Have you ever used the word ‘hypocrite’ when speaking about someone? In our day and age, it is a fairly common word and many people use it without the slightest thought about where the word came from or what it actually means.
It is quite interesting that the word ‘hypocrite’ is mentioned so many times in the Bible. Like many words, though, what the meaning of the word is today isn’t quite the same thing that it was 2000 years ago. What it meant back then sheds considerable light on the broader meaning of what was said so long ago and it could enlighten us in regard to current times. This is very important because one big reason many people don’t read the bible is that they don’t understand the actual meaning of what is being said.
Definition of hypocrite
According to the Merriam-Webster dictionary hypocrite now means:
1 : a person who puts on a false appearance of virtue or religion
2 : a person who acts in contradiction to his or her stated beliefs or feelings
The word is actually derived from the ancient Greek language, which was widely spoken at the time of Jesus. It comes from the Greek word hypokritēs, which was used by the Romans of the time as well. (The evil King Herod ruled Judea at the time of the birth of Jesus and paid homage to the Roman empire.) By examining the old Greek meaning of the word, we can begin to understand that the impact of the term was far greater than today’s meaning would make it out to be.
Hypocrite in the bible
In the New King James Version of the bible, beginning in Luke 6:37, Jesus was explaining to the disciples that they weren’t to judge others, because that is God’s right, not man’s. (That is where the old saying of “Judge not, lest ye be judged” comes from.) He illustrates his point and in verse 42 says,
“Or how can you say to your brother, ‘Brother, let me remove the speck that is in your eye,’ when you yourself do not see the plank that is in your own eye? Hypocrite! First remove the plank from your own eye, and then you will see clearly to remove the speck that is in your brother’s eye.”
Notice His use of the word ‘hypocrite’ here. Using today’s meaning of hypocrite, the word fits, using the first definition from Merriam-Webster. It has even more meaning when a person considers what they actually meant by hypokritēs at the time.
The word’s literal meaning was “actor”. In those ancient times, the theater was something that was major. In fact, the theater was the main source of entertainment at the time. Most cities of the times had their own theaters, often patterned off the Colosseum of Rome. The plays were important to the culture in the region and the performers were all hypocrites, by direct definition.
If we used the same definition today, all actors and actresses in plays, on TV or in movies are literally hypocrites. (Many are considered to be hypocrites even using today’s definition.) That is the root meaning of the word hypocrite; someone who acts.

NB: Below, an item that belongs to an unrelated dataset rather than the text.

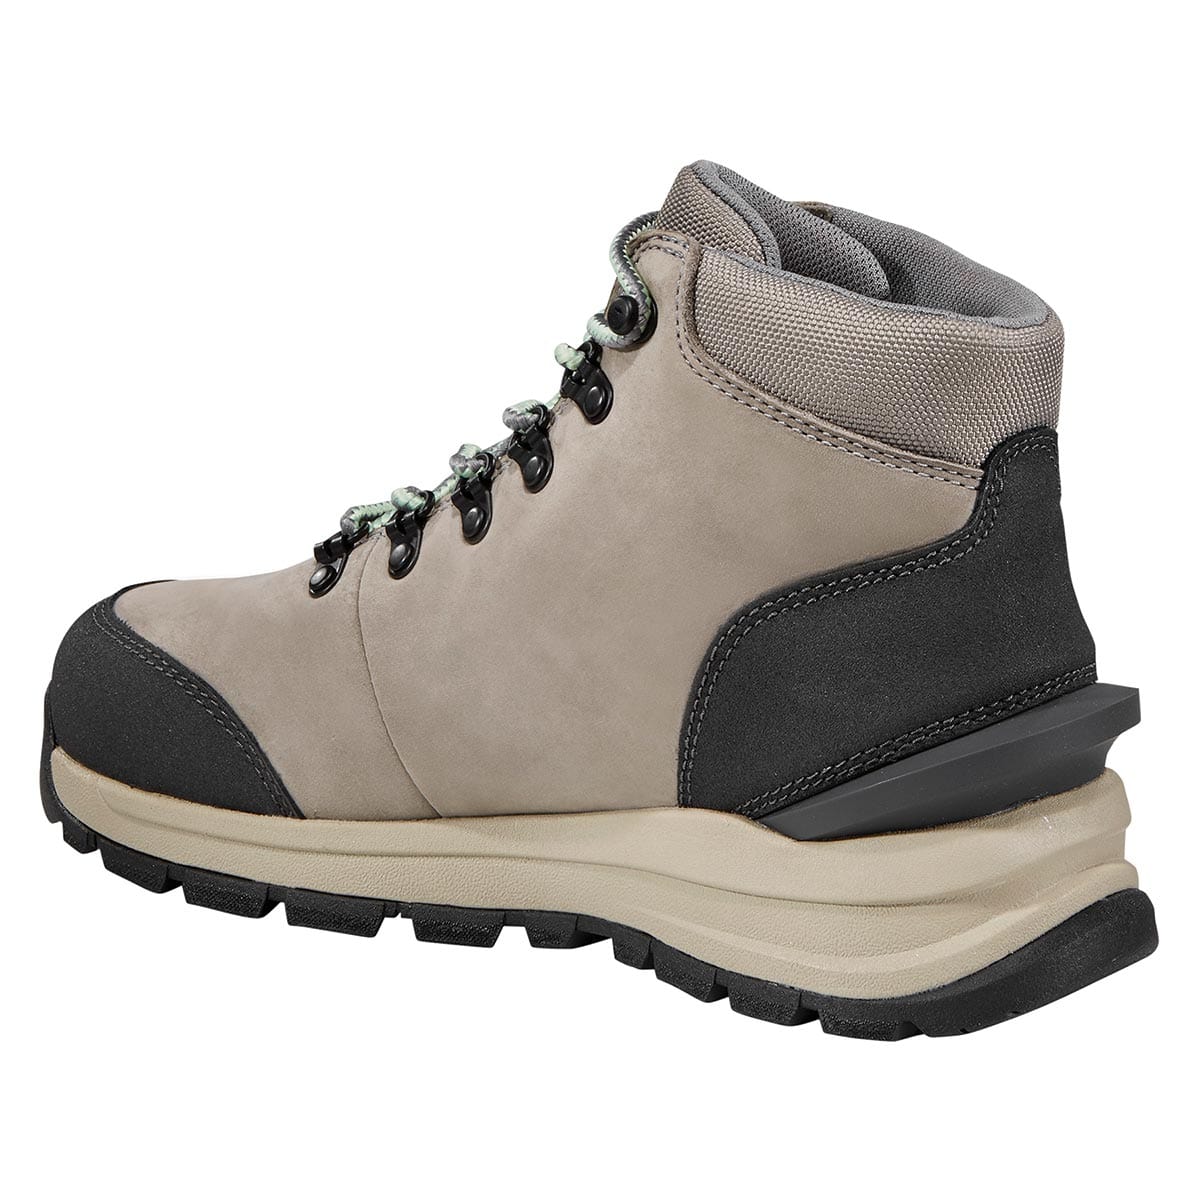 Carhartt Women's Gilmore 5" Work Hiker Boots - Gray

How is knowing this of any help in understanding the Bible and Jesus? I’m glad you asked.
Consider this; Joseph was a Tecton. That was his profession. Though some people today try to equate this with being a carpenter, the profession was much more than that. A tecton designed and built buildings. He was a builder rather than a carpenter. In fact, most structures were built of stone and clay, rather than being made of wood. So Joseph was as much a stone mason as he was a carpenter.
When Jesus chose a human profession, it was naturally that of a tecton and he assisted Joseph. This is the reason people often think of Jesus as a carpenter, though a tecton was far more than a carpenter. Today, they would be called a master builder, capable of performing all parts of construction.
Naturally, this showed that Jesus was a strong man, a hard worker and that he was extremely intelligent. While it is tremendously unlikely that he partook in watching plays, there is little doubt that he was knowledgeable enough about them that he could easily use the terminology used in the entertainment industry of the time. For that matter, Joseph and Jesus helped construct theaters.
Still, many people did watch the plays and were also acquainted with the terminology. So when Jesus used a term like ‘hypocrite’, he was directly able to relate to people who watched plays and was thus able to use terms those people could understand.
If you look elsewhere in the bible, he was able to do the same thing with any group of people; from the wealthy, like kings and tax collectors, to fishermen, to builders, to farmers. He could speak to the poor and to the rich, the healthy and the infirm and he was able to reach them because of it.
This shows more than a knowledge other people of the time didn’t possess, it also showed that he was very well in tune with the people, regardless of who they were or what they did.
The passage in Luke was only one of many times that the word “hypocrite” appears in the bible. Still, by knowing the actual meaning and origin of the word, it allows for a better understanding of the intelligence and abilities of the man, on the non-spiritual level. It also gives you a fuller grasp of the meaning, when you use the word.
If nothing else, now you know why you would be entirely truthful if you called any actor or actress a hypocrite.
Very interesting and clearly written, Rex. Thanks very much for this 🙂
You are very welcome and thank you for the compliment.
The Bible can be a very confusing and controversial book to read. So many words can and are taken different ways, different interpretation. Whose to say who is right and who is wrong?
The best way to do it is to look at the original Greek, Hebrew, or Aramaic word, then get the meaning of that original word. The meaning of the scriptures usually isn’t changed, but they can sure be clarified that way. I incorporate that into my devotional reading.